» **HOW TO COMPLETE THIS TASK**
If pictures are present, leave them out, and copy the data word for word.

» **DATA EXTRACT**
___
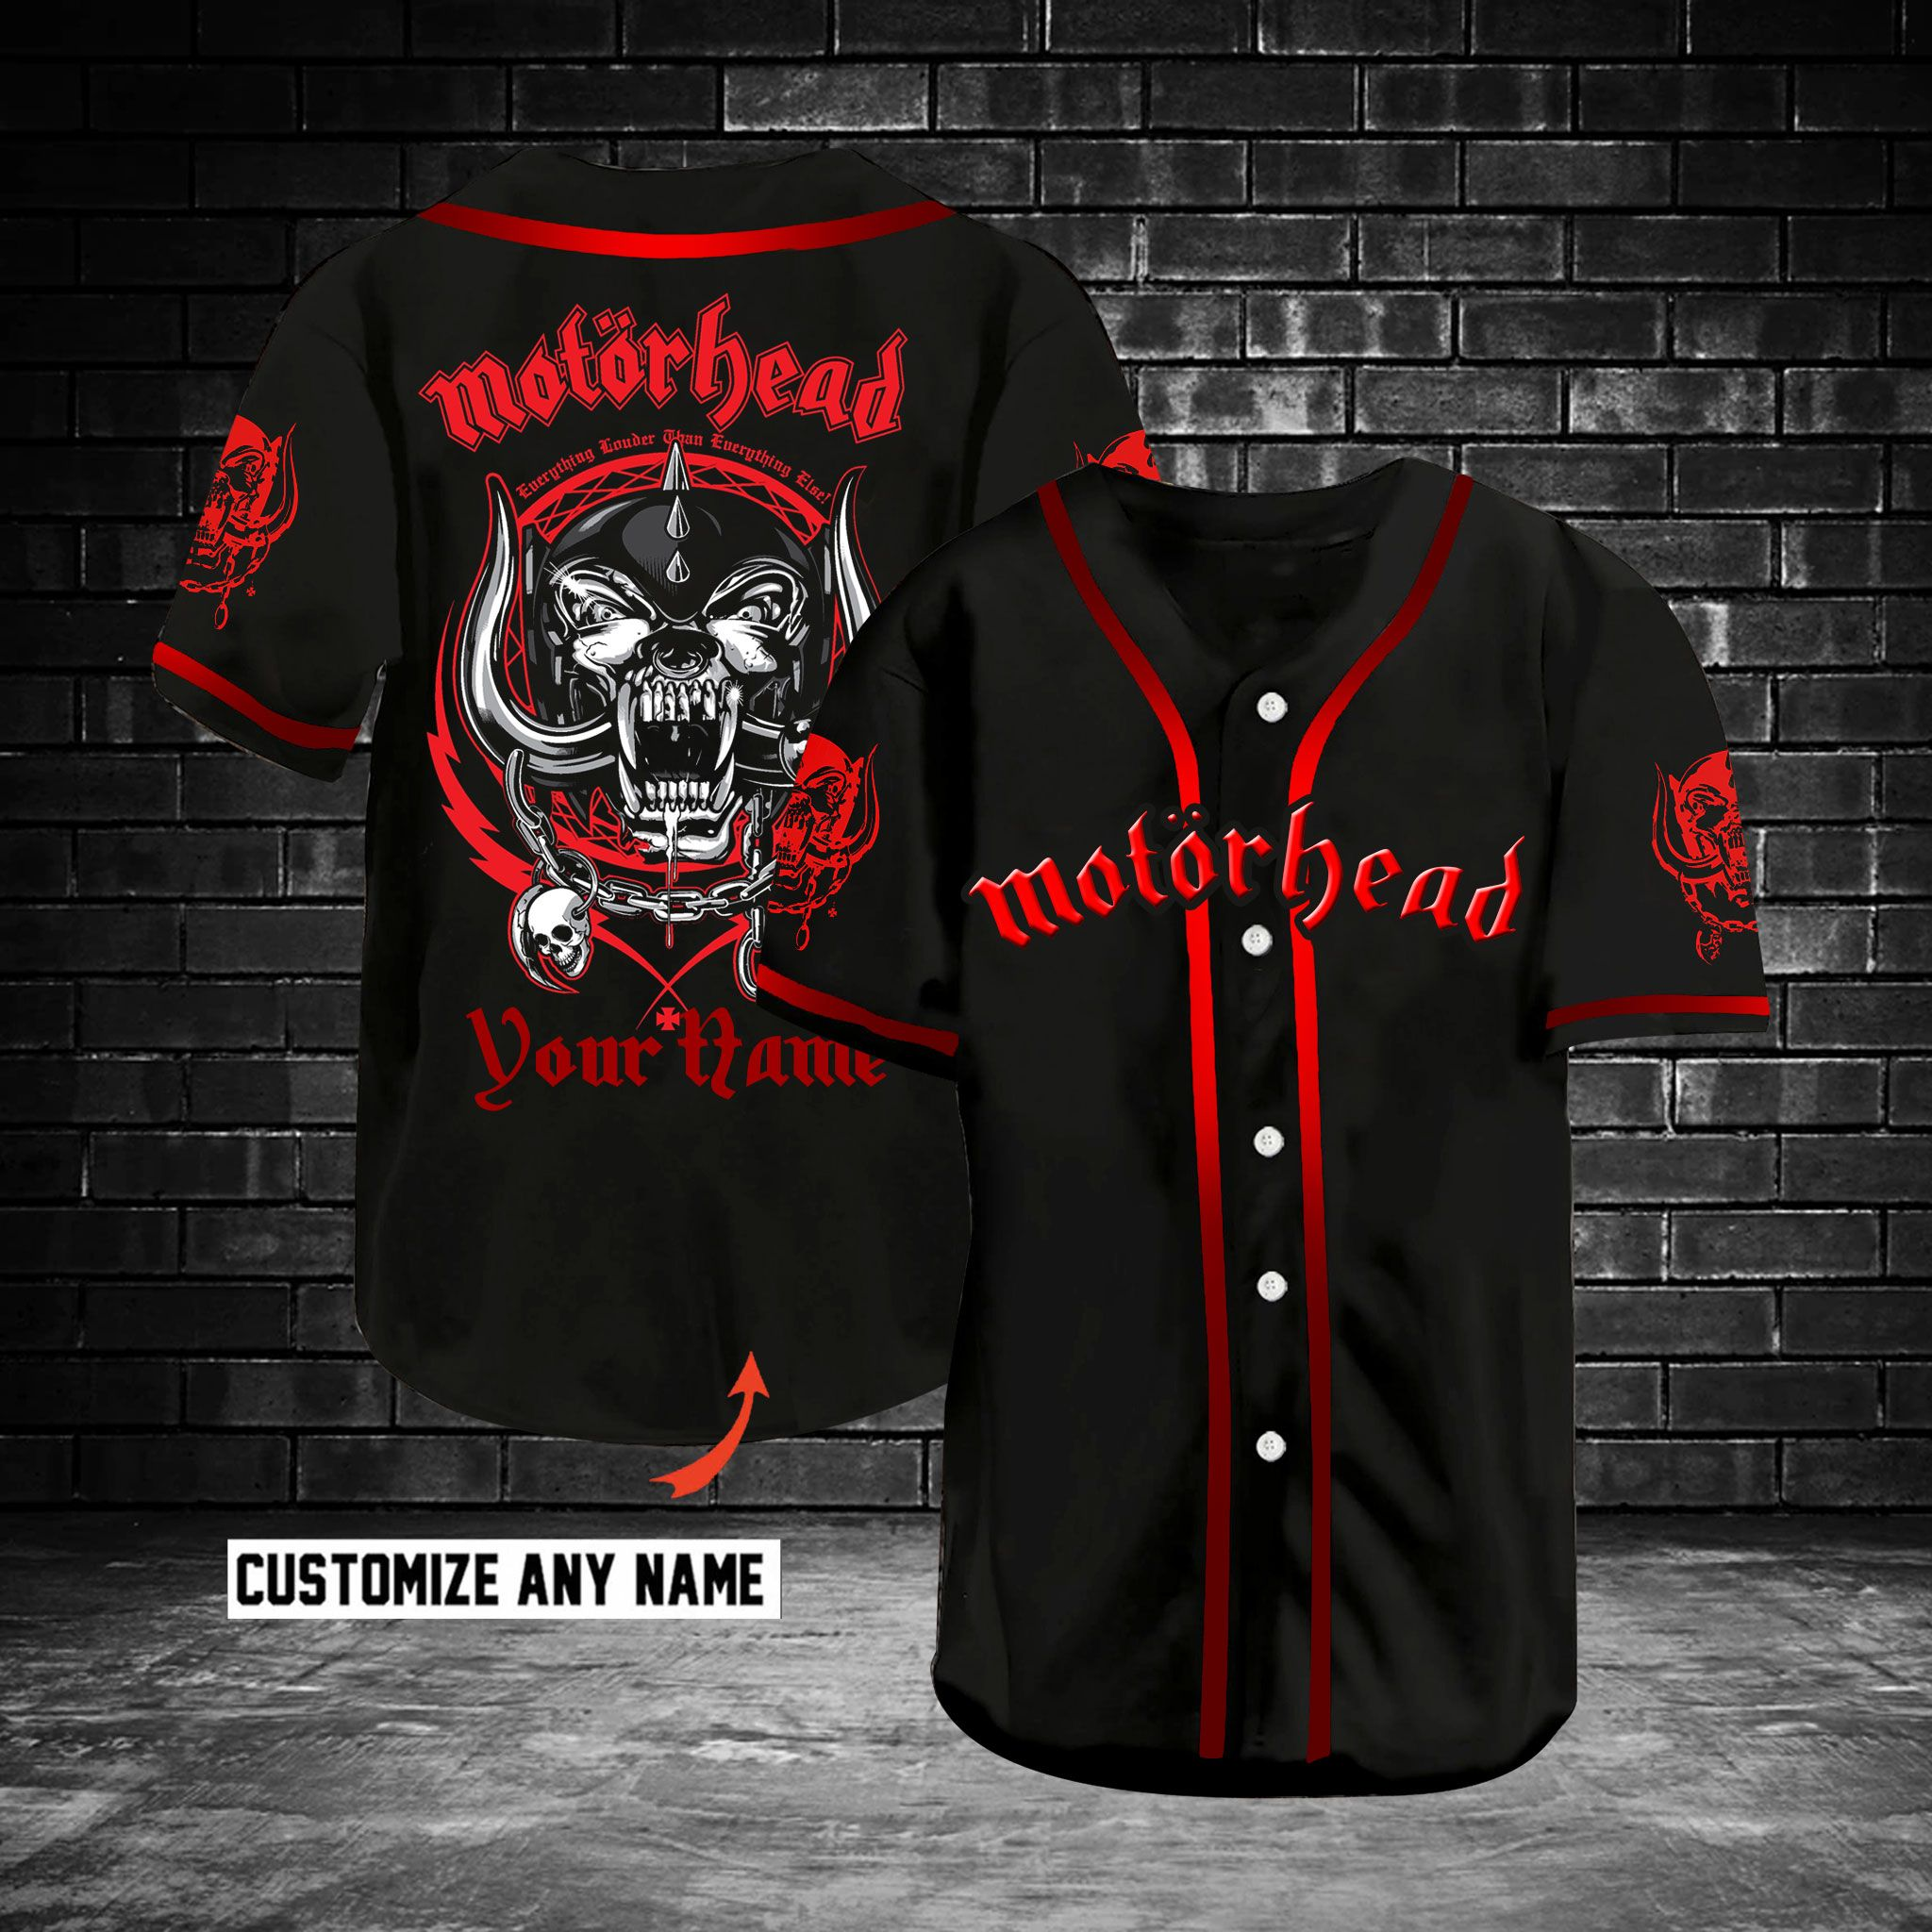 Motorhead Customize Name Baseball Jersey Shirt
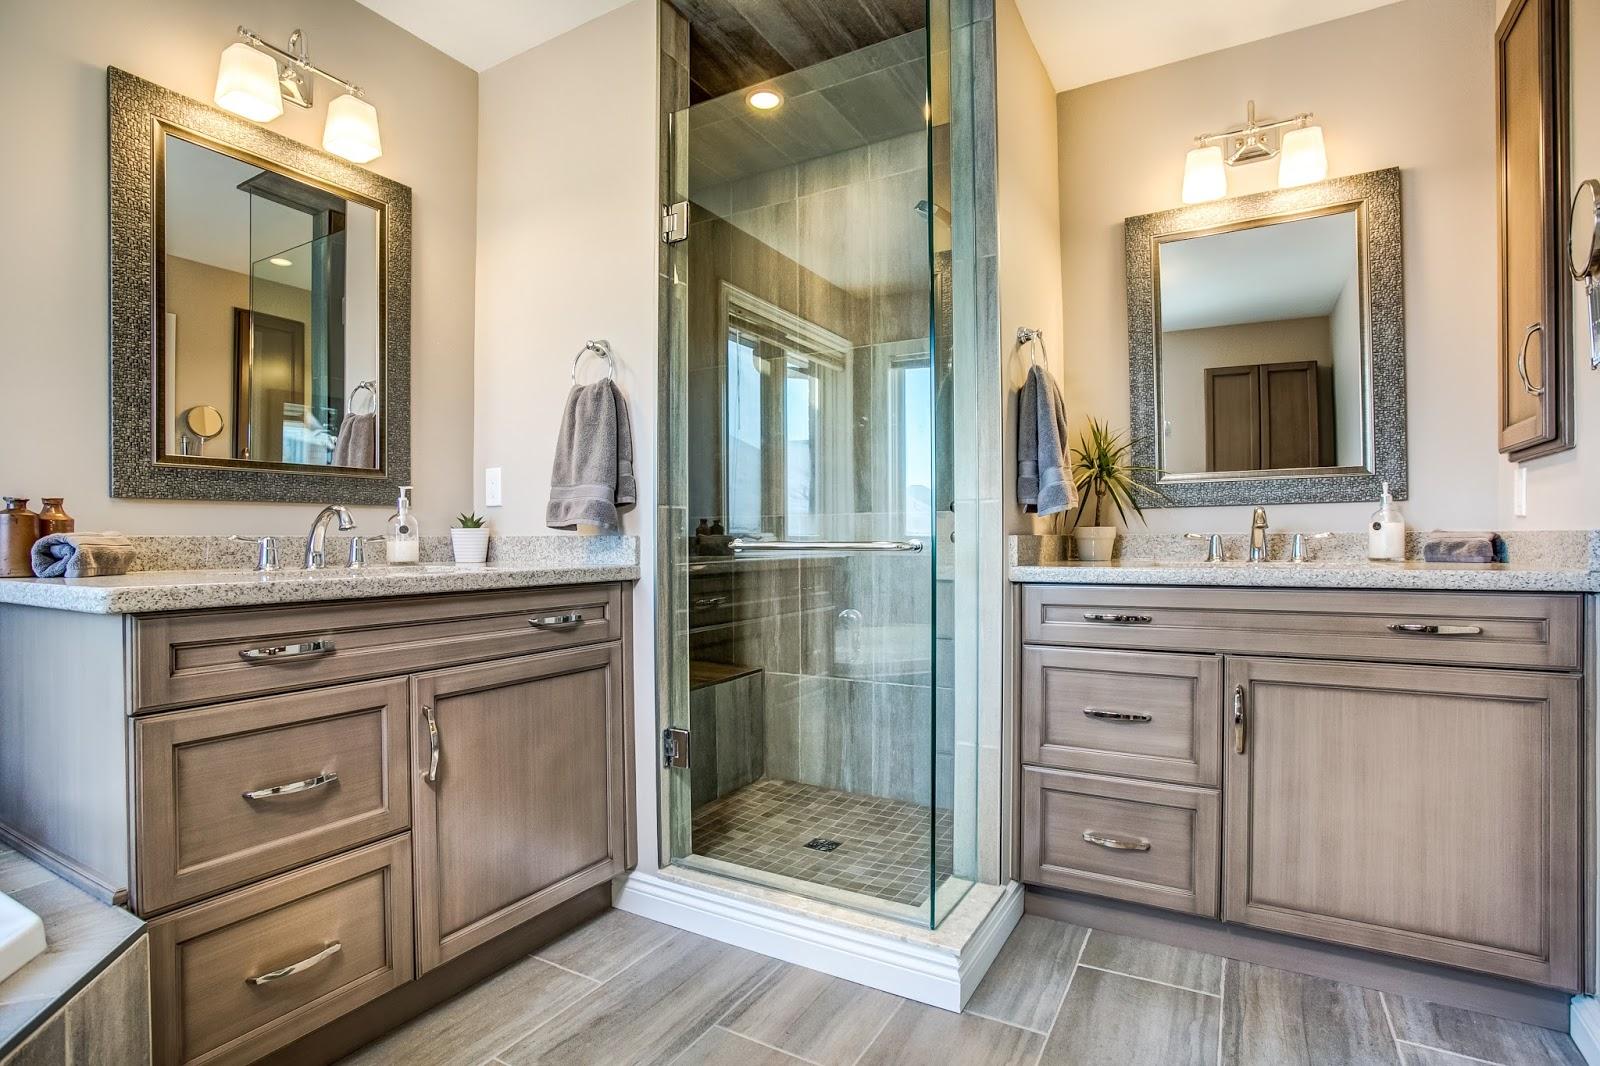 Bathroom Remodel Cost in 2020: Budget, Average, & Luxury ... on Restroom Renovation  id=62082
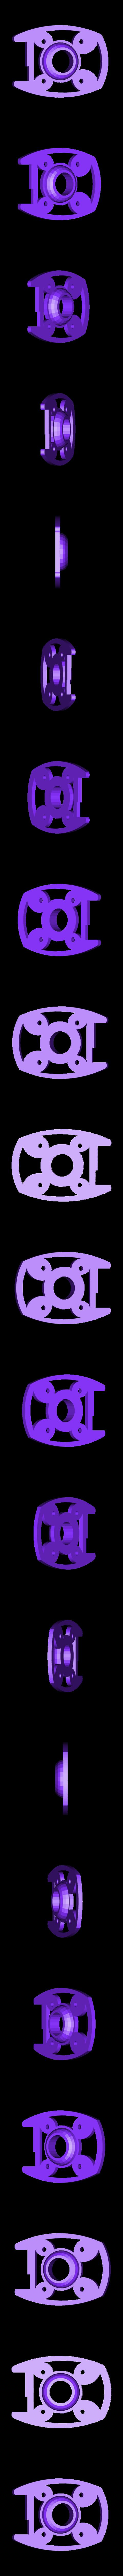 Mini_racer_Brushless_0806_Top_Plate_2S_.stl Download free STL file Mini Quad Racer 100mm Brushless GemFan 0806 6200kv 2S • 3D printer model, Microdure
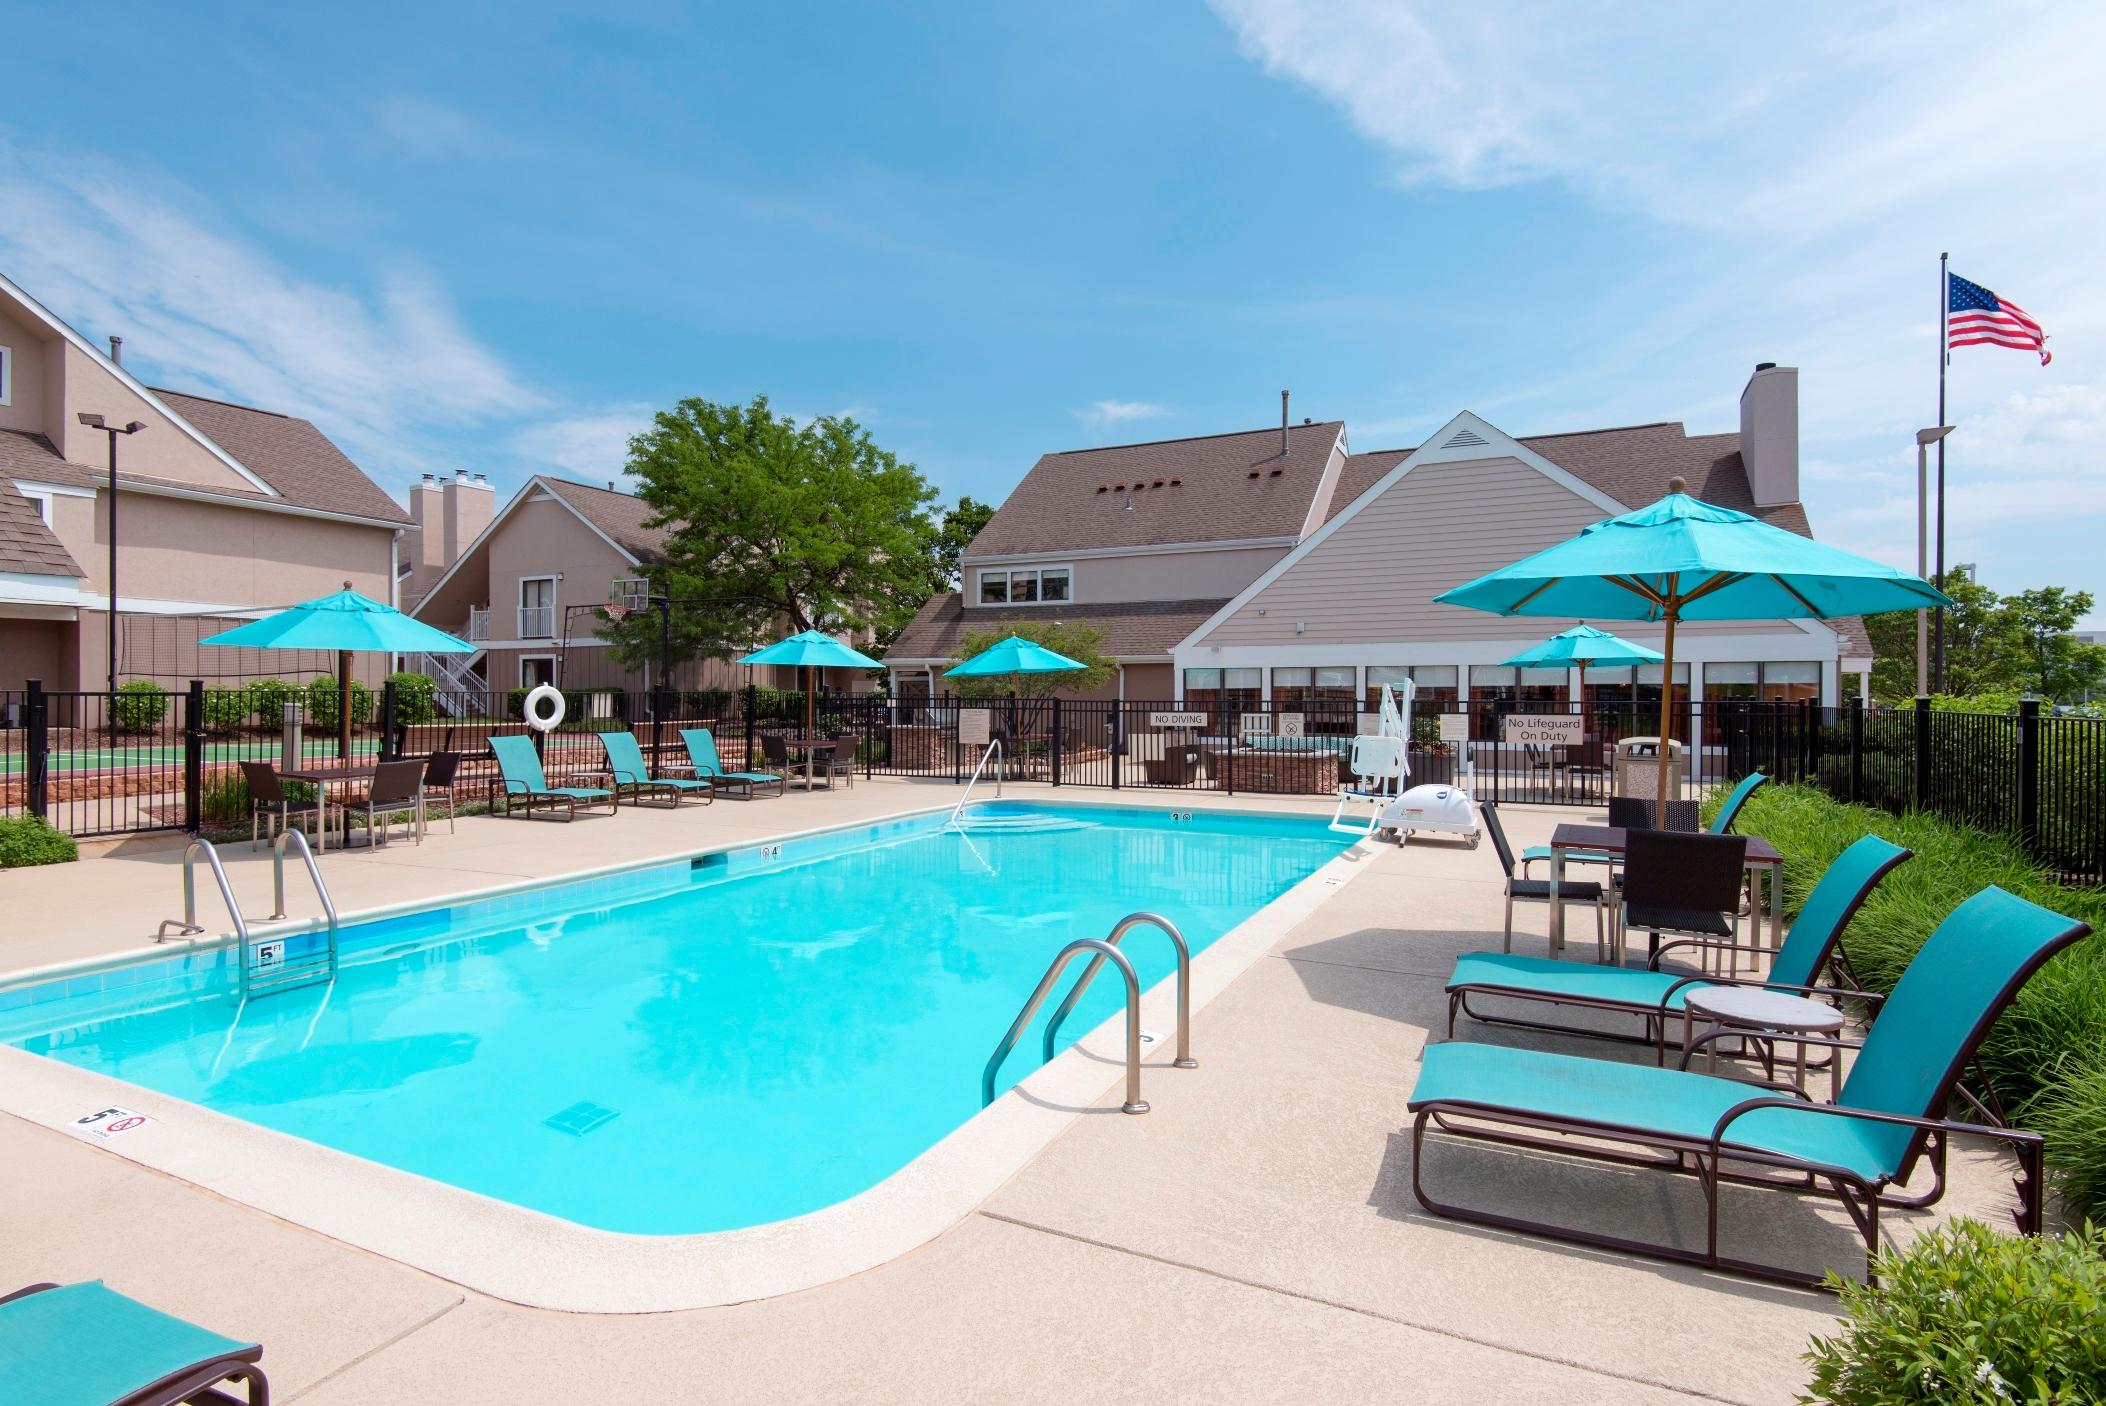 Residence Inn by Marriott Chicago Deerfield image 4
___
» **PROBLEM SOLUTION**
 Motorhead Customize Name Baseball Jersey Shirt
 Bathroom Remodel Cost in 2020: Budget, Average, & Luxury ... on Restroom Renovation  id=62082
 Mini_racer_Brushless_0806_Top_Plate_2S_.stl Download free STL file Mini Quad Racer 100mm Brushless GemFan 0806 6200kv 2S • 3D printer model, Microdure
 Residence Inn by Marriott Chicago Deerfield image 4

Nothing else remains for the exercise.